«Eine Absage wäre jetzt das Schlimmste.» Bettina Oberli sitzt in der Kantine des Luzerner Theaters am Tag, als der Bundesrat die Massnahmen in Sachen Corona-Virus verschärft hat. Nach einem halben Jahr Vorbereitung steht die Premiere ihrer neuesten Regiearbeit an: «Eugen Onegin», Peter Tschaikowskys Oper nach dem Stück von Alexander Puschkin. «Zumindest einmal soll sie gespielt werden», hofft Oberli fast flehentlich.
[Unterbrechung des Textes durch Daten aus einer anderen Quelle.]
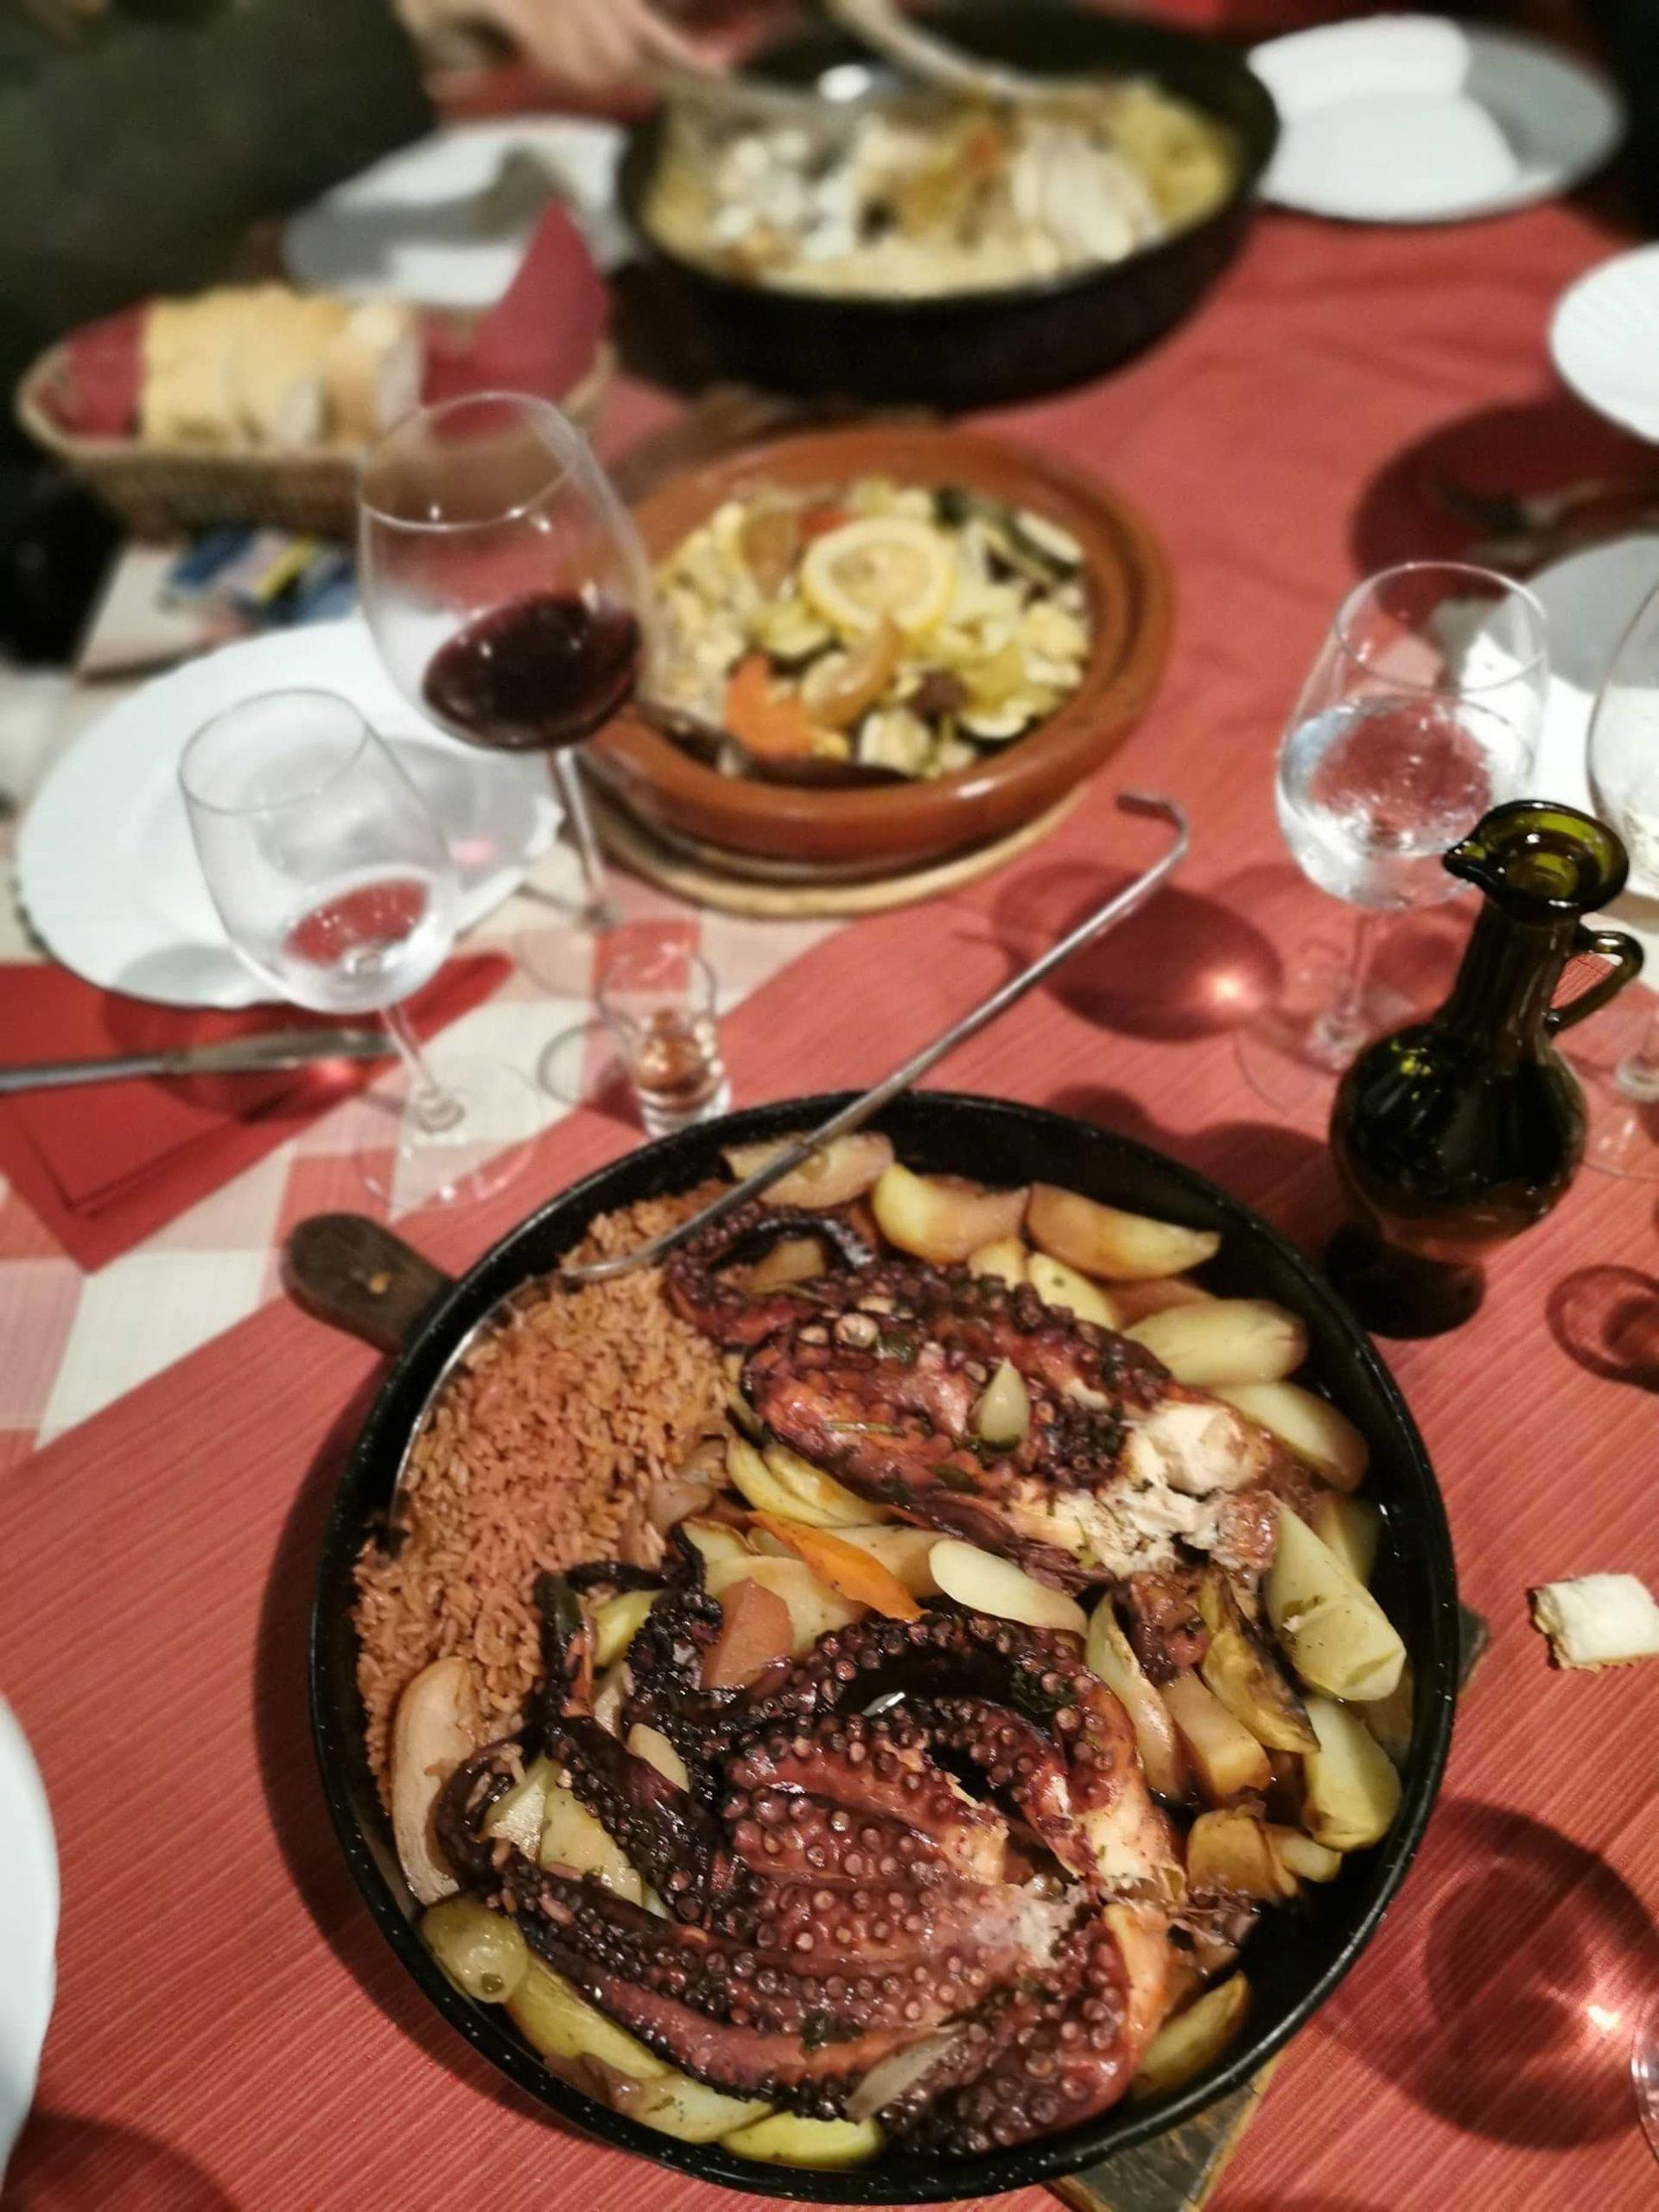 Food Croatia

Ungebrochene Liebe zum Kino
Die 47-jährige Regisseurin ist sich Echo gewohnt. Ihre Filme laufen weltweit an Festivals und erreichen das grosse Kinopublikum. «Die Herbstzeitlosen» von 2006 ist immer noch der zweiterfolgreichste Schweizer Film nach «Die Schweizermacher». Schon für ihr Debüt «Im Nordwind» gewann sie 2004 diverse Preise. Mit dem Thriller «Tannöd» hat sie 2010 den gesamten deutschsprachigen Raum erobert, mit dem Jura-Drama «Le vent tourne» 2018 den frankophonen.
Warum hat Oberli überhaupt vom Kino zur Bühne gewechselt? «Vor sieben Jahren konnte ich am Theater Basel ‹Anna Karenina› inszenieren», erzählt sie. Das sei ein solch nachhaltiges Erlebnis gewesen, dass sie die Opern-Anfrage aus Luzern mit einem «sofortigen Ja» beantworte habe. «Jeder Filmregisseur leidet darunter, dass für seine eigentliche Arbeit wegen des grossen technischen Aufwands zu wenig Zeit bleibt. Bei Bühnenproben kann man stundenlang konzentriert mit den Schauspielern arbeiten.» Oberli verweist aber auch auf Ähnlichkeiten von Film und Oper. «In beiden Fällen arbeitet man visuell, kreiert Atmosphären mittels Bildern.» Die Musik gebe zwar einen klaren Rahmen vor, lasse aber die Freiheit, diesen mit eigenen Bildern auszufüllen. Ähnliches gelte für die Textarbeit: «Während sich meine Drehbücher jeweils bis zum letzten Schnitt ändern, habe ich hier mit einem bewährten Libretto gearbeitet und konnte mich auf dessen visuelle Umsetzung konzentrieren.»
Ist da die Leidenschaft einer künftigen Opernregisseurin zu hören? «Ich nehms, wies kommt», lacht Bettina Oberli, betont dann aber ihre ungebrochene Liebe zum Kino. Und verweist auf «Wanda, mein Wunder». So heisst Oberlis neuer Spielfilm, der bald im Wettbewerb des Tribeca Film Festivals in New York läuft und im Herbst in die Schweizer Kinos kommt.
Die vielseitige Produktivität dieser Frau ist beeindruckend: 2019 hat sie noch den Kurzfilm «Kingdom» realisiert, bereits sind neue Projekte in Arbeit, die meisten ihrer Drehbücher initiiert sie selbst und schreibt zumindest als Co-Autorin mit. Derweil sitzen in Zürich, wo die Bernerin seit 25 Jahren lebt, zwei Teenagersöhne mit am Familientisch. Bleibt ihr da überhaupt noch Zeit für eigenen Kulturgenuss? Die Antwort erstaunt nicht: «Ich lese viel. Und ich gehe oft ins Kino.» Und demnächst hoffentlich an die eigene Opern-Premiere.
Eugen Onegin
Premiere: Sa, 21.3., 19.30
Luzerner Theater
Bettina Oberlis Kulturtipps
Buch
Nadja Spiegelman: Was nie geschehen ist (Aufbau 2018)
«Die Mutter-Tochter-Beziehung über mehrere Generationen hinweg entwickelt einen starken emotionalen Sog und ist so persönlich, dass eine Ebene entsteht, in der man sich selber wiedererkennt.»
CD
Cat Power: Wanderer
(Domino Records 2018)
«Diese Musik habe ich beim Schreiben meines letzten Films im Dauerloop gehört. Ideal, um in eine kreative Stimmung zu kommen.»
Serie
Lisa Cholodenko: Olive Kitteridge (Warner Home Video 2015)
«Die Miniserie betört mit fantastischen Schauspielerinnen wie Frances McDormand als verbitterte Mathelehrerin.»